Then add write_file only after you have guardrails.

The goal is to make the model's decisions observable.

Here is a compact Python harness using the OpenAI-compatible API. It is intentionally narrow. It only reads files, searches the repo, and runs tests. It does not write code automatically. You can add patch application later after you trust the traces.

# mini_m3_agent.py
# Minimal read/search/test harness for MiniMax-M3.
# Requires: pip install openai

from __future__ import annotations

import json
import os
import subprocess
from pathlib import Path
from typing import Any

from openai import OpenAI

ROOT = Path(os.environ.get("AGENT_REPO", ".")).resolve()
MAX_FILE_CHARS = 20_000
MAX_TOOL_OUTPUT_CHARS = 12_000
MAX_STEPS = 8

client = OpenAI(
    base_url=os.environ.get("OPENAI_BASE_URL", "https://api.minimax.io/v1"),
    api_key=os.environ["MINIMAX_API_KEY"],
)

def safe_path(path: str) -> Path:
    candidate = (ROOT / path).resolve()
    if not str(candidate).startswith(str(ROOT)):
        raise ValueError(f"Path escapes repo root: {path}")
    return candidate

def truncate(text: str, limit: int = MAX_TOOL_OUTPUT_CHARS) -> str:
    if len(text) <= limit:
        return text
    return text[:limit] + f"\n\n[truncated: {len(text) - limit} chars omitted]"

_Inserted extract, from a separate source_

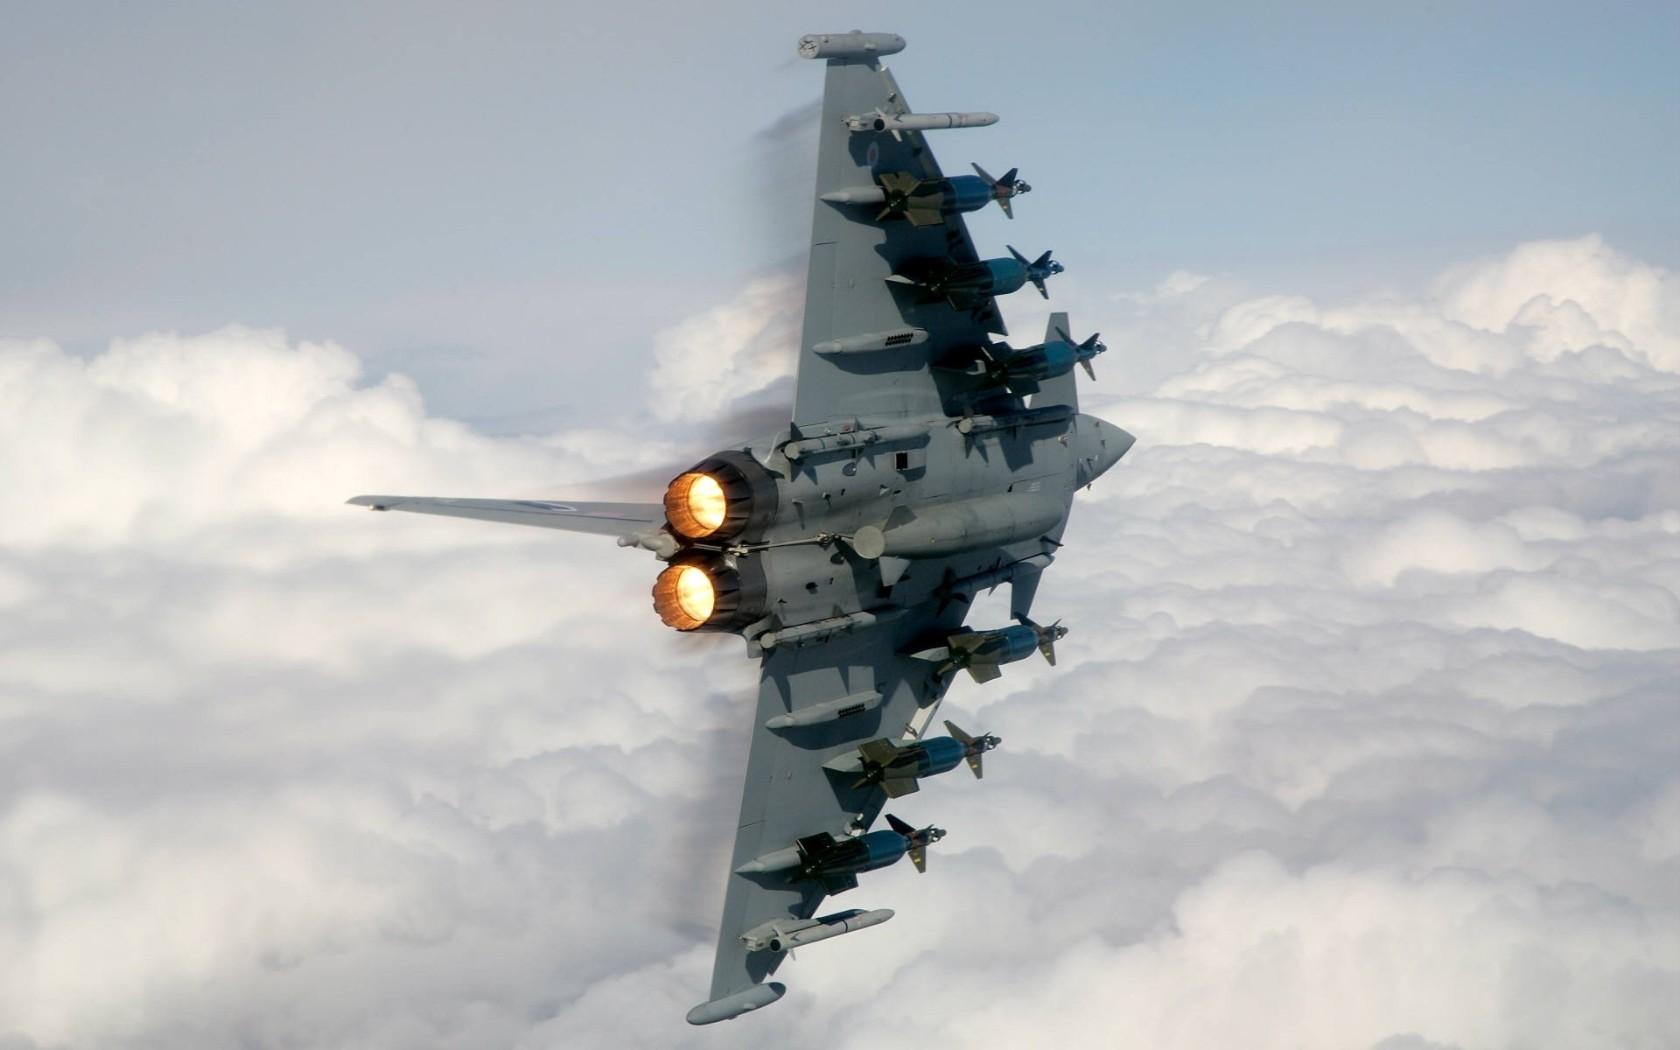 Обои Mcdonnell douglas, истребитель, Самолёт, eagle, Облака. Авиация foto 13
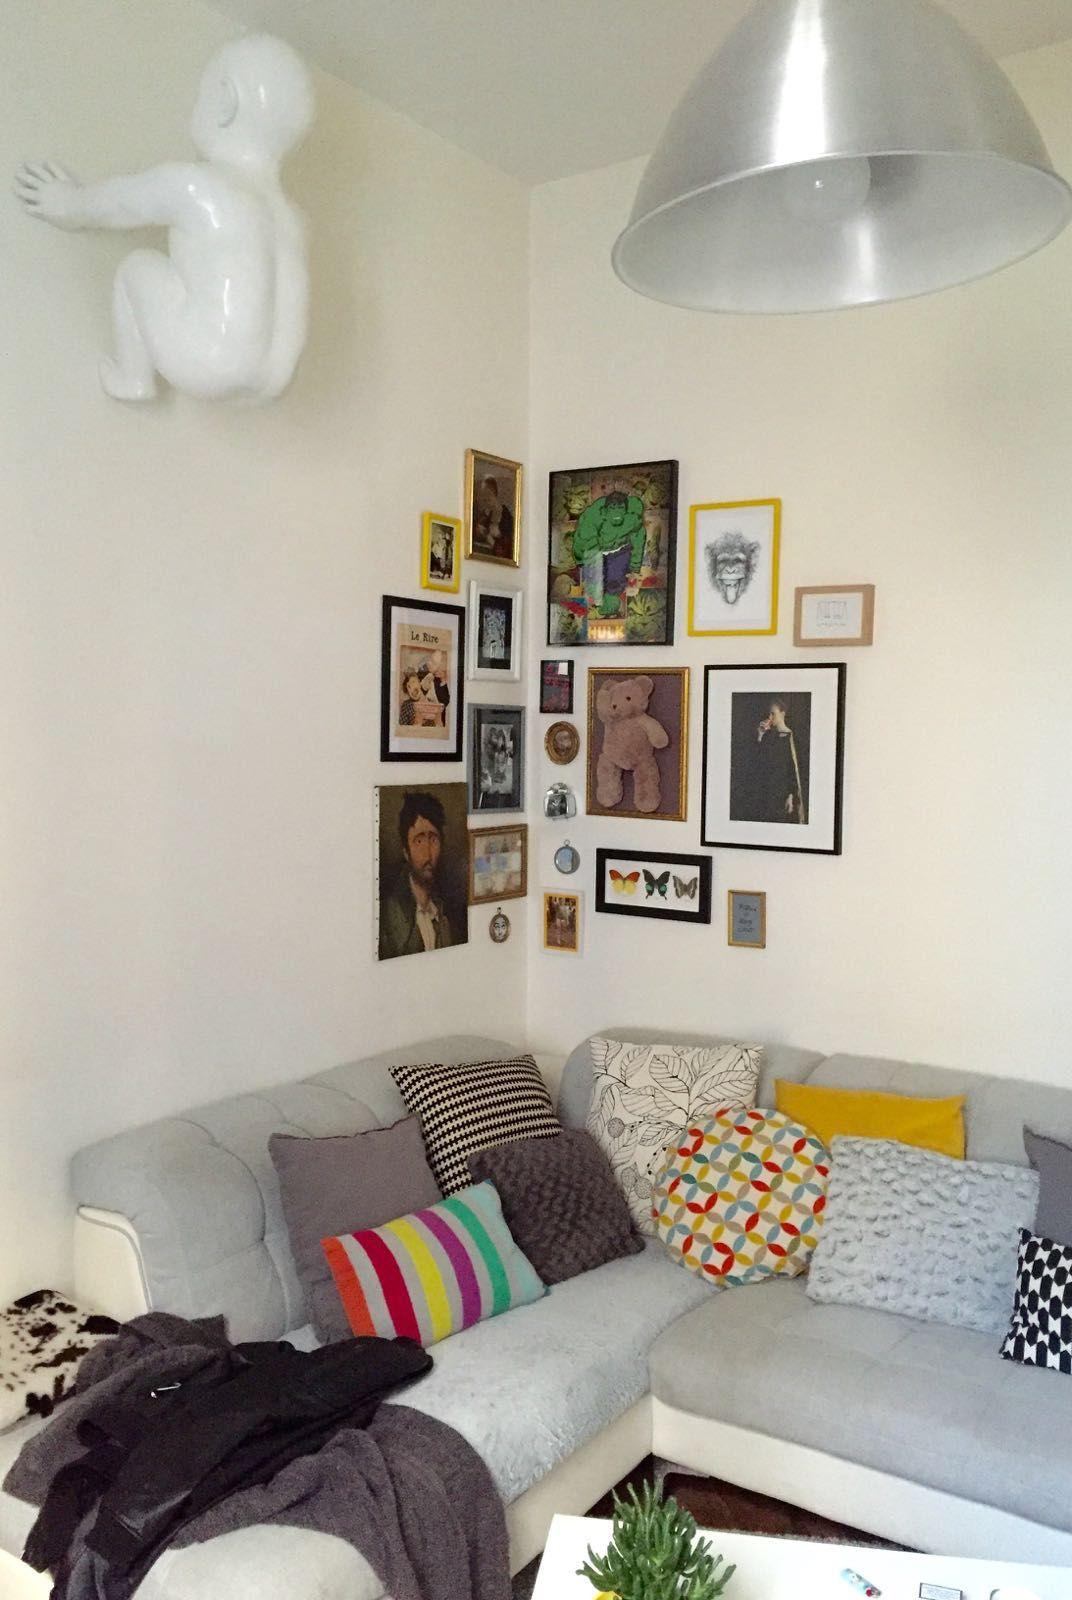 Pin by athina giova on Living room | Wall decor bedroom ... on Creative Living Room Wall Decor Ideas  id=98112

def list_files(pattern: str = "") -> str:
    cmd = ["git", "ls-files"]
    result = subprocess.run(cmd, cwd=ROOT, capture_output=True, text=True, timeout=10)
    if result.returncode != 0:
        return truncate(result.stderr)

    files = result.stdout.splitlines()
    if pattern:
        files = [f for f in files if pattern.lower() in f.lower()]
    return truncate("\n".join(files), 30_000)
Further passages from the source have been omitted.